Initial Conclusion: For now, my working assumption is that, on an 8 GB RTX 5070 Laptop GPU, batch_size=512 is simply too big to fit or to run efficiently in FP32+AMP, causing huge stalls or OOMs. Reducing batch_size to 256 (or lower) is an effective way to get sub-second performance on this hardware.
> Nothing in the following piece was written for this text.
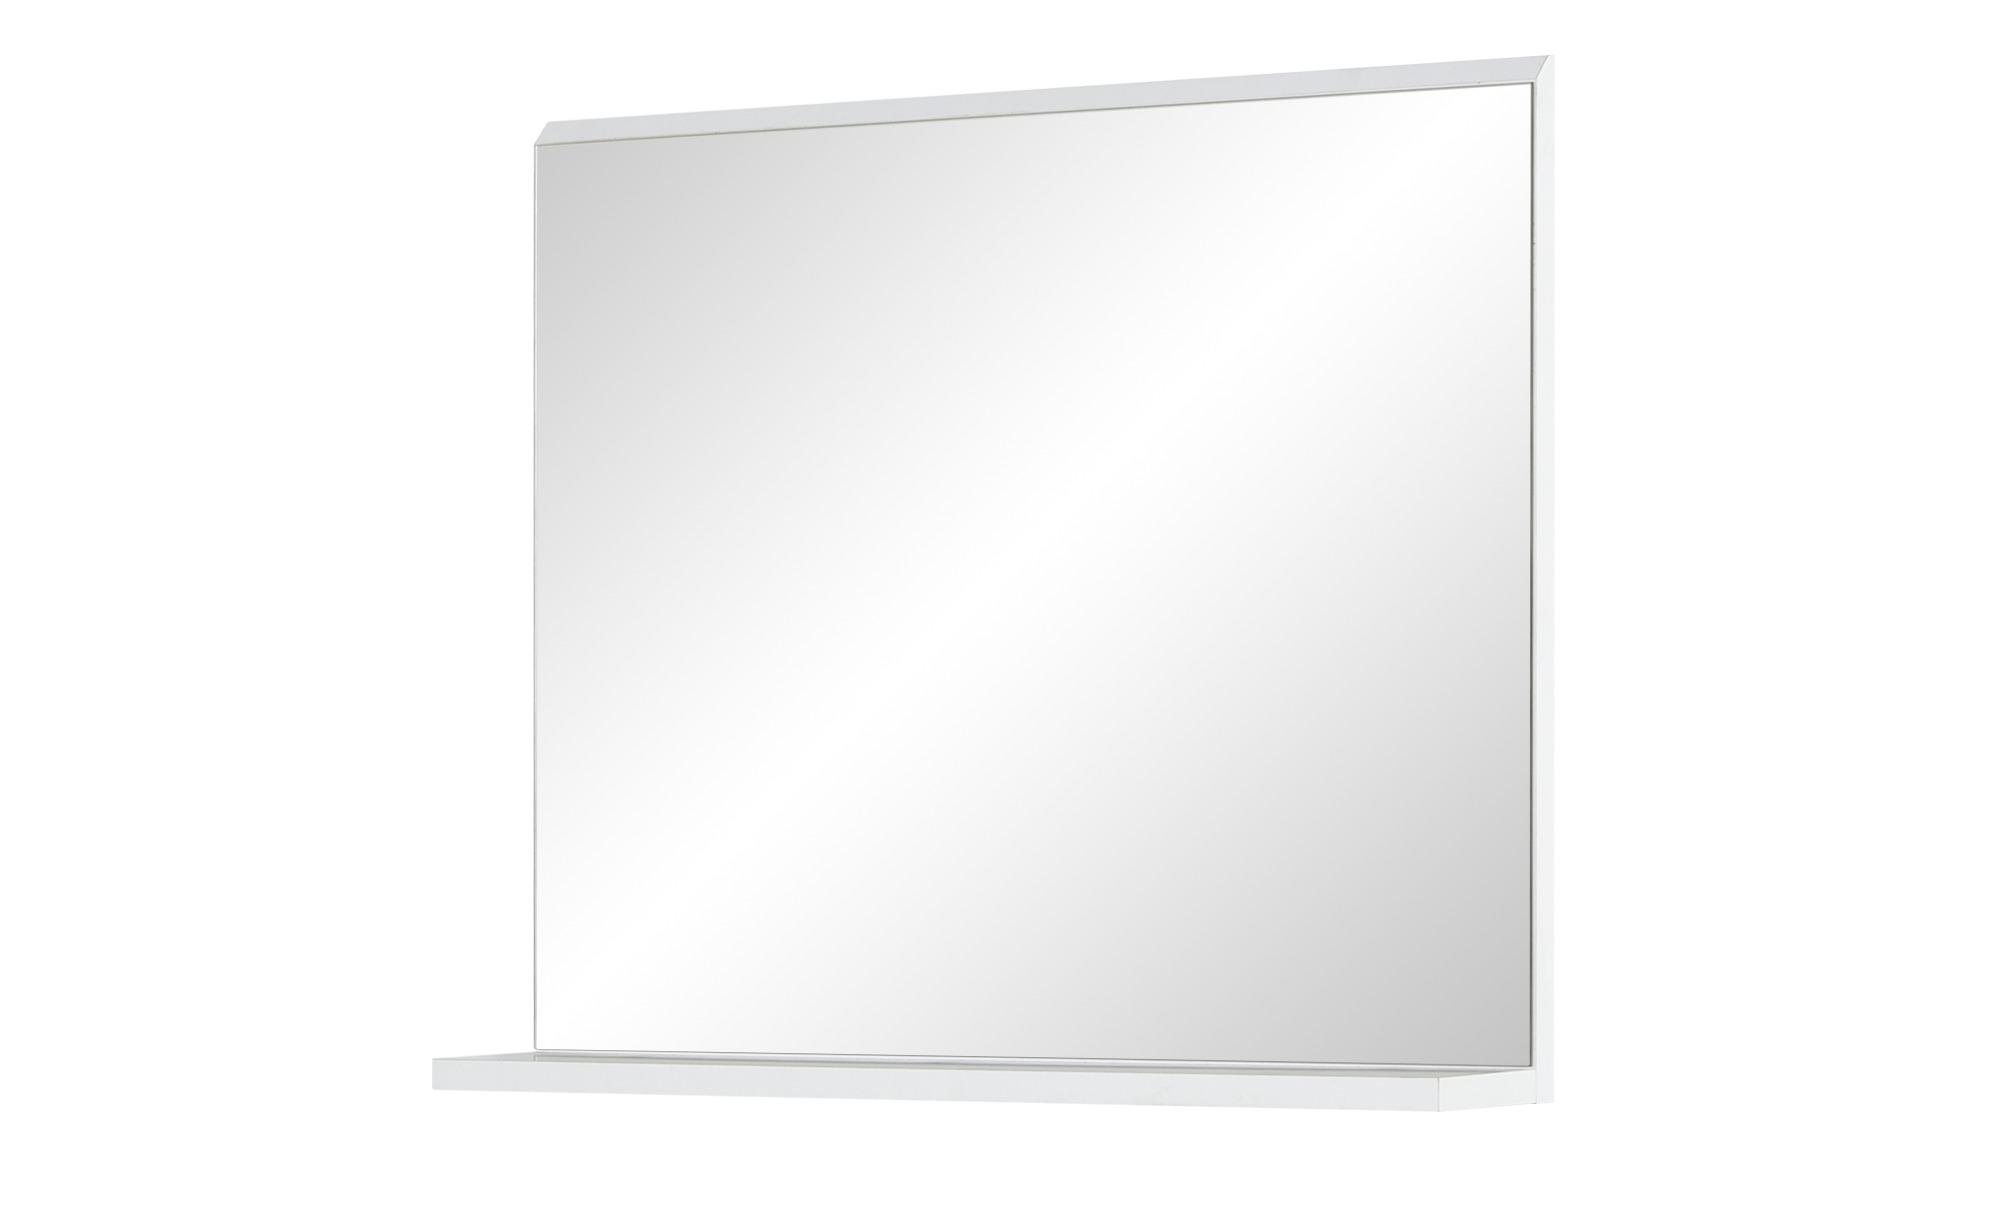 uno Bad-Wandspiegel  Melzer See ¦ weiß ¦ Maße (cm): B: 60 H: 50 T: 10 Dekoration > Spiegel - Höffner   Bad > Spiegel fürs Bad > Badspiegel   Weiß   Glas - Holzwerkstoff   Möbel Höffner DE

If anyone has further suggestions on how to maximize training speed under tight VRAM constraints, I’d really appreciate your input!

I’ve already experimented with:

  • Automatic Mixed Precision (AMP)
  • TF32 mode
  • non_blocking=True on .to()
  • cudnn.benchmark = True
  • torch.compile()
  • Memory pinning and prefetching in the DataLoader

Are there other techniques—maybe less common—that could help reduce memory overhead or improve throughput without sacrificing too much accuracy?

Thanks again for all the great insights so far!

Thanks for the additional tests! Indeed you might be running OOM on your GPU but since you are using Windows the OS will offload device data to the host behind your back causing a large slowdown. You could disable this Windows feature and check if a proper OOM error message would be raised.